Man arrested in Finmeccanica India deal probe released

by Oct 21, 2012

MILAN (Reuters) – Guido Ralph Haschke, a businessman who has advised Finmeccanica (SIFI.MI), said he had been released after being arrested on Friday in Switzerland in connection with an Italian probe into alleged bribes paid by the defence group.

“I was immediately released because the judge reckoned that there was no reason for the arrest,” Haschke told Reuters on Sunday by phone from his home in the Swiss canton of Ticino.

That confirmed a report in Italian newspaper Corriere della Sera which also said Swiss authorities had kept Haschke’s Italian and U.S. passports.

Swiss authorities were not available to comment.

Haschke is being investigated in Italy on allegations he was an intermediary in a bribe paid to secure a 560 million euro contract for 12 helicopters won by Finmeccanica unit AgustaWestland in 2010 from India.

He said he was “completely extraneous” to the accusations.

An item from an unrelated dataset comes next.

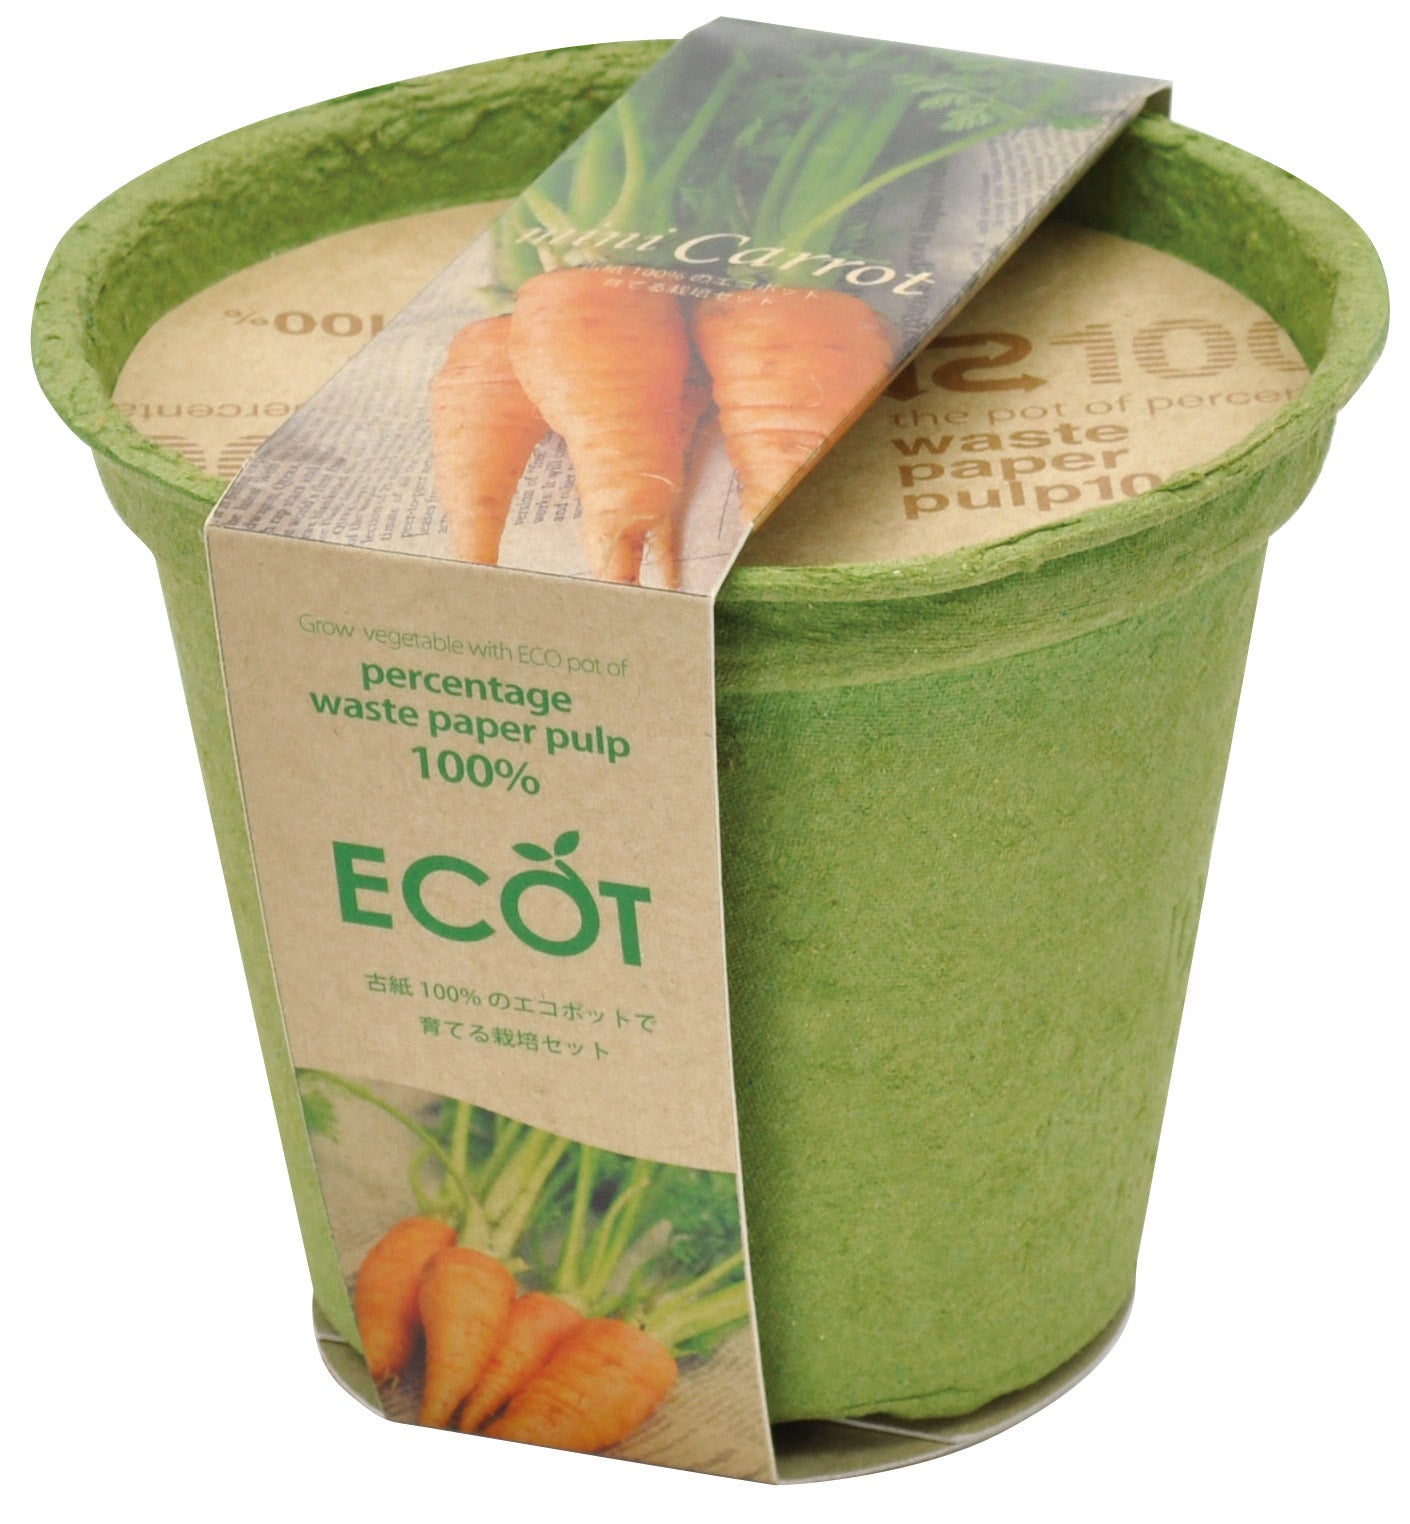 再生紙小花盆 ECOT - 胡蘿蔔/紫蘇葉

Italian judicial sources had said on Friday a man had been arrested in a probe by federal prosecutors in Lugano into money laundering connected to the main investigation by Italian authorities.

In April, Italian prosecutors went to Switzerland to collect evidence and verify money flows through Swiss accounts.

The main Italian probe has targeted Finmeccanica chairman and chief executive Giuseppe Orsi, who has denied wrongdoing.

Politicians have called for the government, which owns about 30 percent of Finmeccanica, to intervene and force a management shake-up at the country’s second-biggest private company.

Orsi‘s lawyer said last Monday the case was a “blatant mistake” and he would quit only if the government told him to do so.

Named CEO in May 2011, Orsi also took over as chairman last December after Pier Francesco Guarguaglini resigned from the role over a separate corruption investigation.

Orsi has since been steering the loss-making company through a restructuring, but has been weakened by news in February he was being investigated in the Indian probe.

The investigation was triggered partly by allegations of a disgruntled former Finmeccanica employee, himself under investigation.

In May, Finmeccanica said probes into Indian orders and ties with Haschke would not affect its 2011 results retrospectively.